Possible Pre-Career Paths
It can be incredibly useful to actually work with a team that you would like to join. If you are lucky enough that your company allows you to do dedicated rotations or 20% time, you should 100% take advantage of that. If not, you may still consider reaching out to teams and spending your personal time doing some work for them. Not many teams will turn down free labor, and this sort of real-world experience is invaluable. Additionally, showing a team that you can make an impact gives them a stronger signal than they could ever get with just interviews, and hiring managers should flag that in the hiring process.
Alternatively, you may consider making lateral moves across the company to get to where you want to go. I have a friend that got hired as a UX designer, switched to SWE, and finally moved over to be an RE! Besides ladder changes, consider finding halfway points to RE, such as a SWE team that works with machine learning directly, on machine learning infrastructure, or even on products that have machine learning in them. Finally, for a less extreme route, you can become your team’s resident ML expert. Oftentimes, your project will be happy for you to curate a presentation on the latest ML technologies in the space, and you may even be able to explore adding ML-based features.
Conclusion
I’m still a fresh Research Engineer and I’m sure my opinions on the above advice will change in the coming years. I’m absolutely open to feedback, questions, comments, etc., so please help me advance my thinking on this subject. Together, I hope we can create a useful resource for anyone trying to make the switch, and that we can help you or others find their path to their dream job, like I have :)
Disclaimers
Now that you’ve read the entire article, here are a bunch of good reasons why you shouldn’t listen to me:
- I have an B.S. in Math and an M.S. in Applied CS. The former just means I’m decent at math, and the latter might have helped me get an interview, although in practice I don’t remember much from college classes.

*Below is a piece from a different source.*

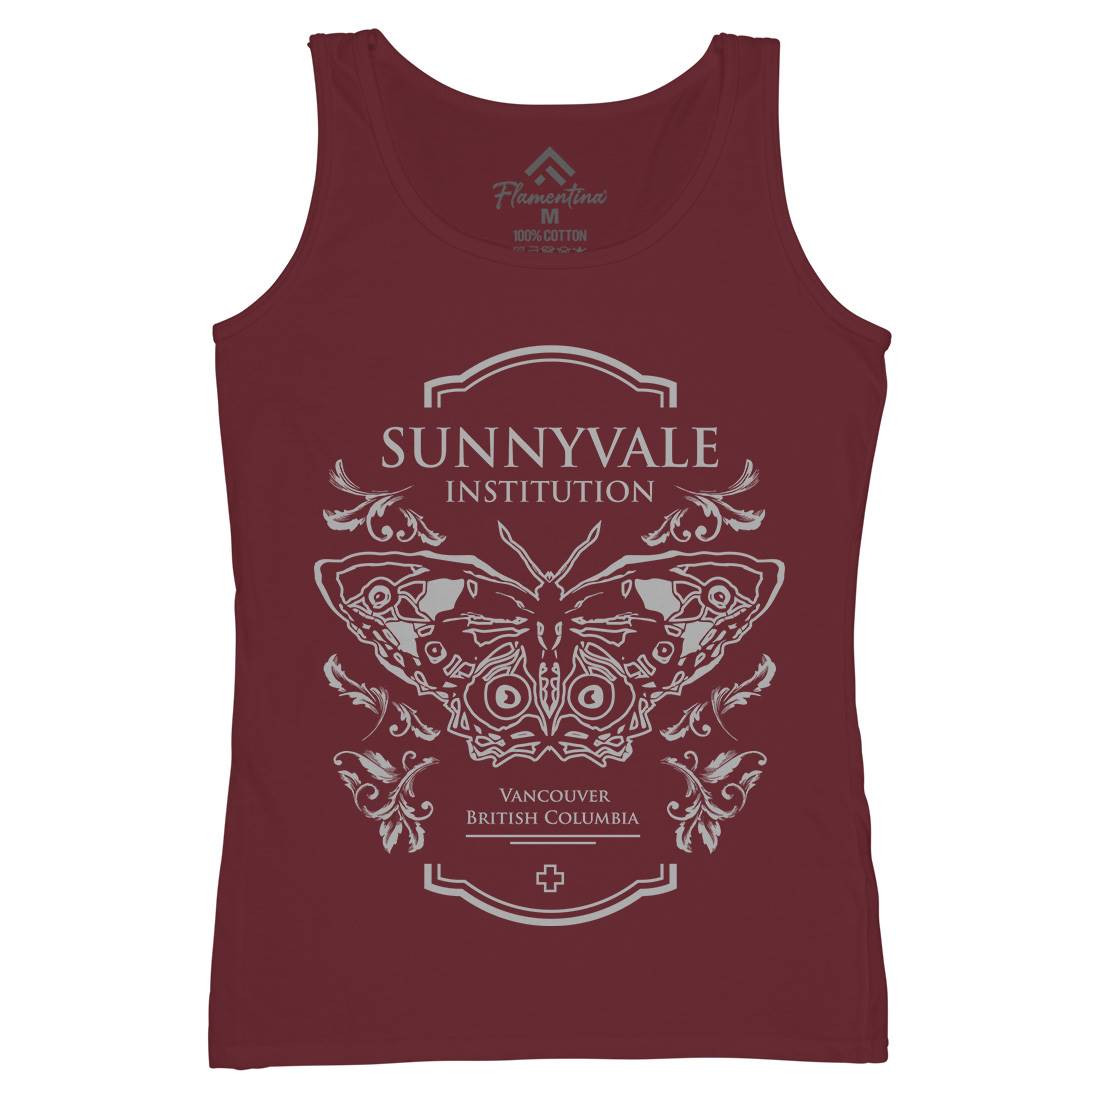 Sunnyvale Institution Womens Organic Tank Top Vest Space D232
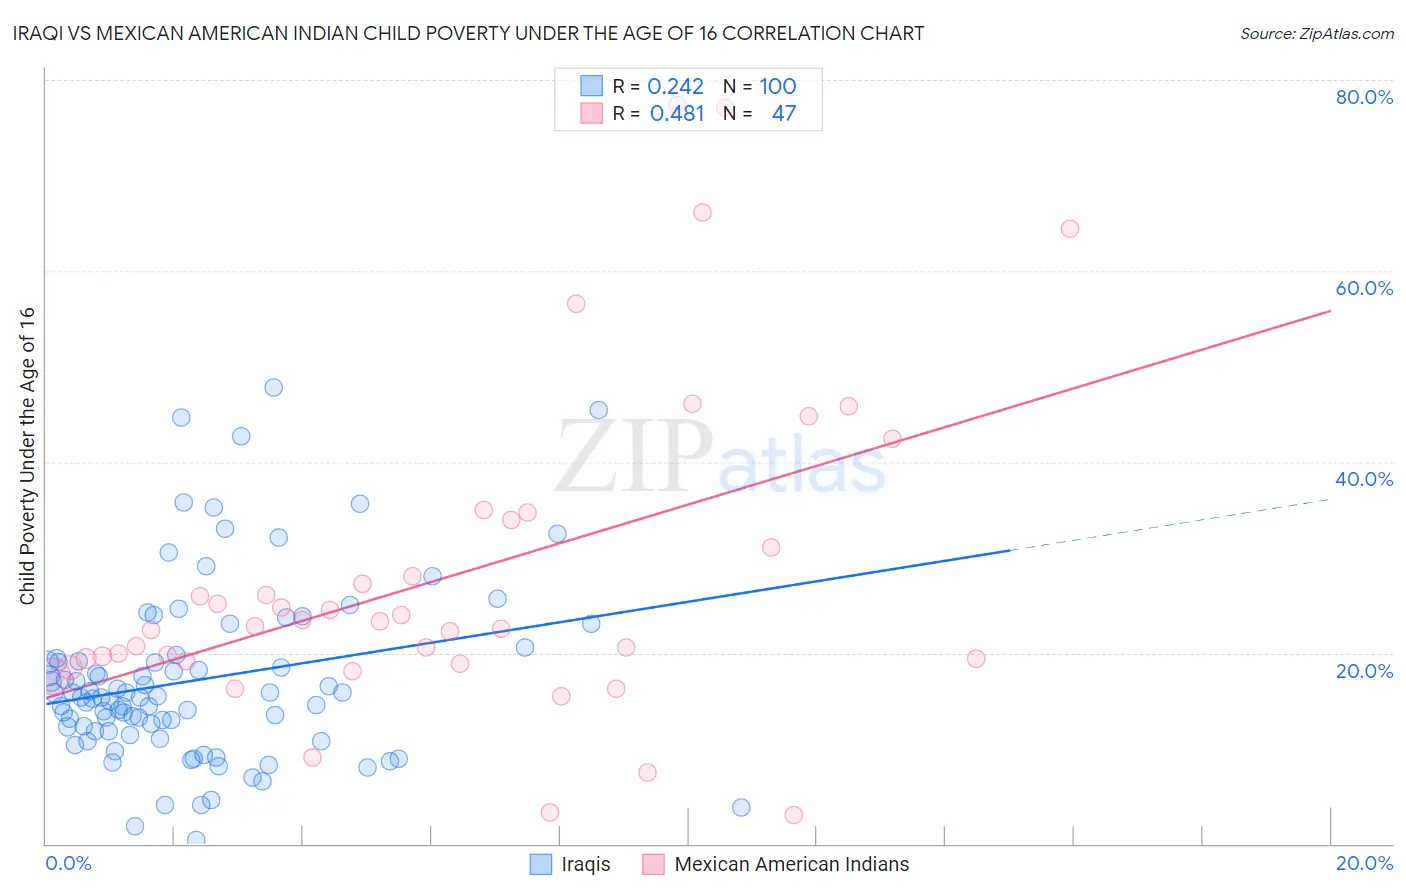 Iraqi vs Mexican American Indian Child Poverty Under the Age of 16

- I joined an Applied Research team, and I imagine the qualifications for an RE in the pure research part of the company would be more stringent.
- At the time of switching jobs, I had no kids and my extremely supportive wife was not working, so I had the time, freedom, and support system that others may not.
- This is a sample size of 1 person at 1 company, and while I am confident in my abilities, I’m also aware that I got stupid lucky with my interviews.